The US’ commitment to aid to the Palestinians comes a day after progressive Rep. Alexandria Ocasio-Cortez said she welcomed the truce that brought a halt to the fighting but said it failed to address the “dehumanizing conditions” the Palestinians have to live under.
“The development of a cease-fire is a welcome development. It’s an important development but it’s not enough because it does not address the actual ongoing dehumanizing conditions that are leading or rather contributing to the outbreak of violence,” the New York Democrat said Monday night at a town hall in the Bronx.
“We must continue to center the protection of human rights, the human rights of Palestinians and Israelis alike … But we must also acknowledge the asymmetry in the situation and acknowledge the vulnerable that has played in the last several weeks of this crisis,” she said.
Blinken assured Netanyahu that the US would work with international partners to ensure that the money given to the Palestinians doesn’t wind up in the hands of Hamas militants who would buy more weapons to attack Israel.
”We’ll work with our partners, closely with all to ensure that Hamas does not benefit from the reconstruction assistance,” the US’ top diplomat said.
He went on to say that the additional funding for the Palestinians may actually work to undermine Hamas.

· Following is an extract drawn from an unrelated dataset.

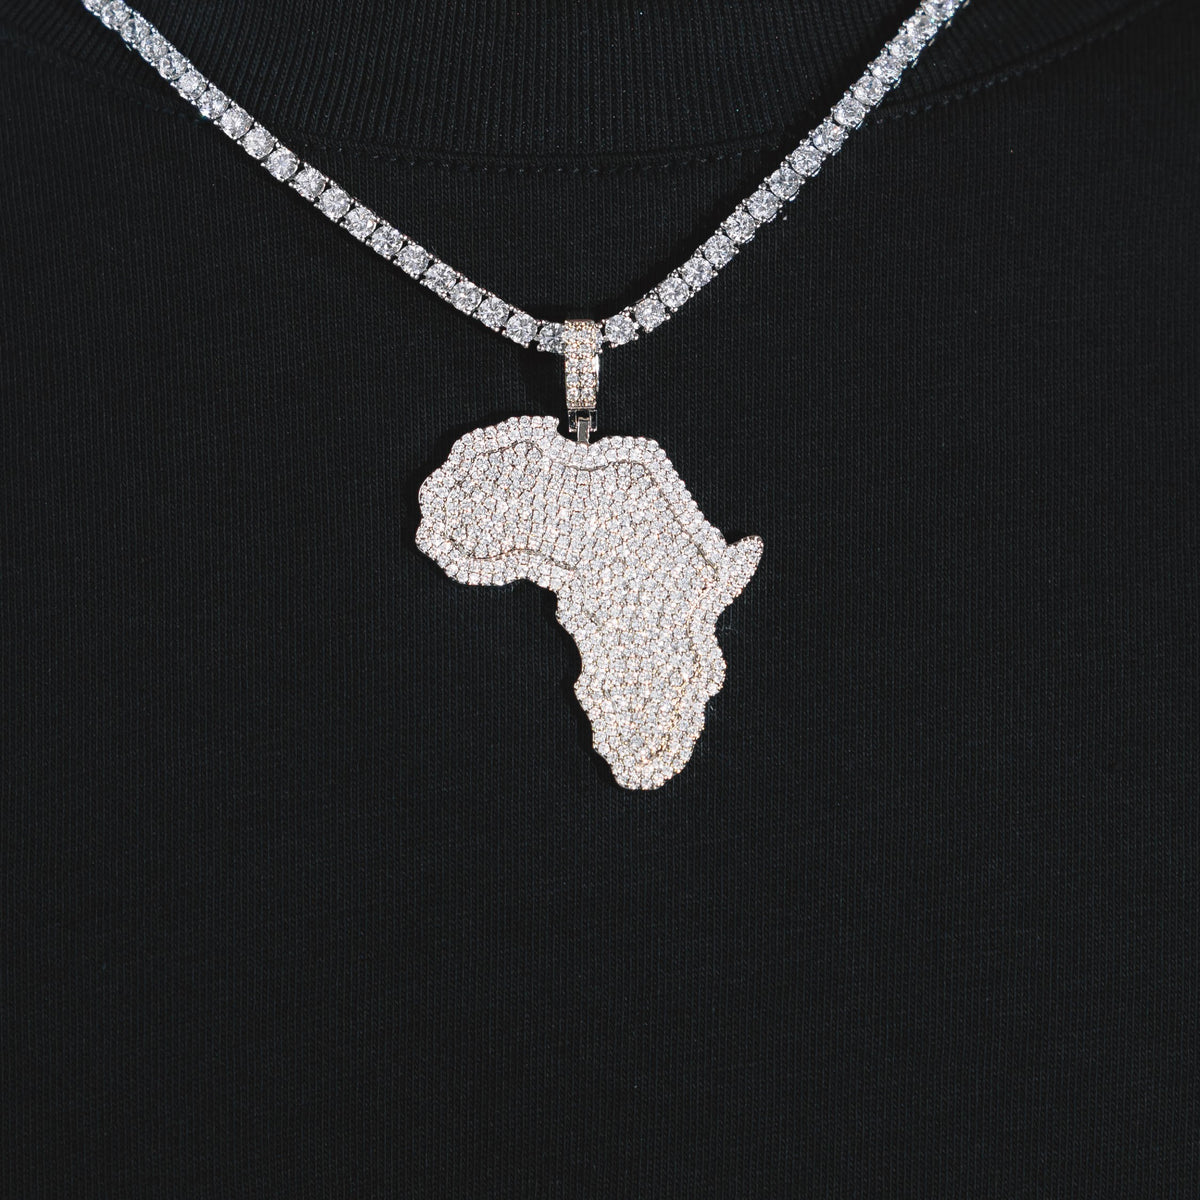 Africa Pendant White Gold

“Hamas thrives, unfortunately, on despair, on misery, on desperation, on a lack of opportunity,” he said, according to the Times of Israel.

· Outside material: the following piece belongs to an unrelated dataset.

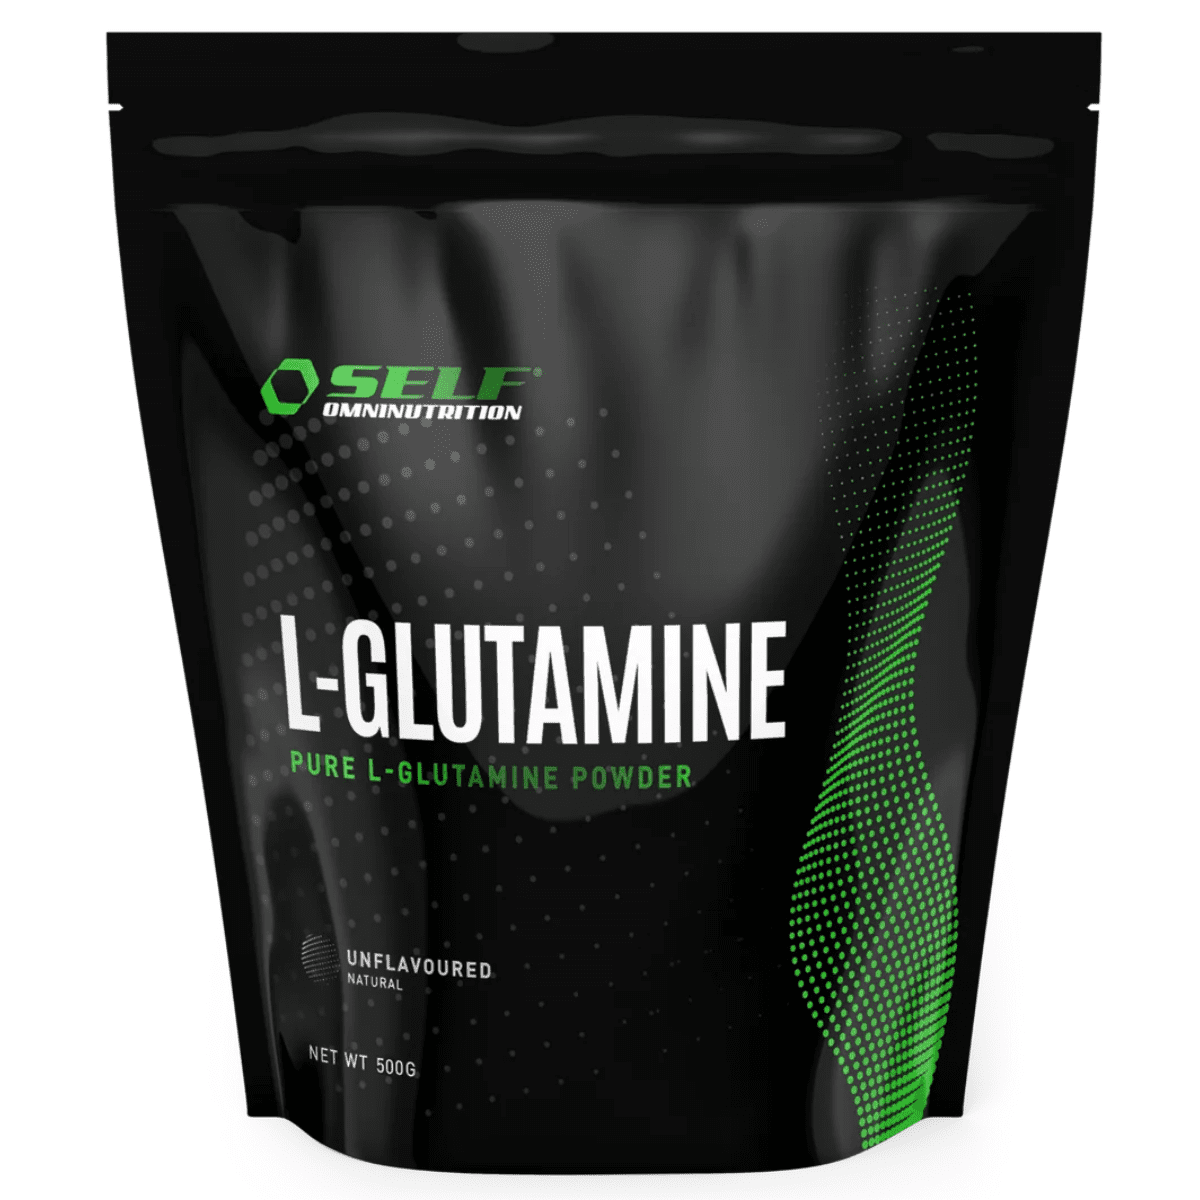 Self Omninutrition Real Glutamine - 1

“What reconstruction and relief need to do is not just answer the immediate needs — and those needs are significant and they’re urgent, whether it’s water, whether it’s sanitation, whether it’s electricity — but they need to offer a genuine prospect for opportunity, for progress, for material improvement in peoples’ lives,” he said.
But a senior State Department official on Monday said “there are guarantees” that millions of dollars being sent by the US to help Palestinians would not end up in the coffers of the Hamas terror group.
“We’re going to be working in partnership with the United Nations and the Palestinian Authority to kind of channel aid there in a manner that does its best to go to the people of Gaza,” the anonymous official said during a briefing previewing Blinken’s visit. “I’m also sure that the Government of Egypt will have some role in that.”
“As we’ve seen in life, as we all know in life, there are no guarantees,” the official added, “but we’re going to do everything that we can to ensure that this assistance reaches the people who need it the most.”
At the town hall, Ocasio-Cortez also criticized President Biden for being slow to take action during the crisis and railed against the planned $732 million arms sale to Israel.
“It is illegal for the United States to provide military aid to governments that are violating human rights,” she said, adding that she joined with Sen. Bernie Sanders (I-Vt.) to introduce a resolution against the sale in Congress.
But Blinken, in an appearance on ABC News’ “This Week” on Sunday, said the administration will follow through with the arms deal.
“The president’s been equally clear. We are committed to giving Israel the means to defend itself, especially when it comes to these indiscriminate rocket attacks against civilians. Any country would respond to that, and we are committed to Israel’s defense,” Blinken said.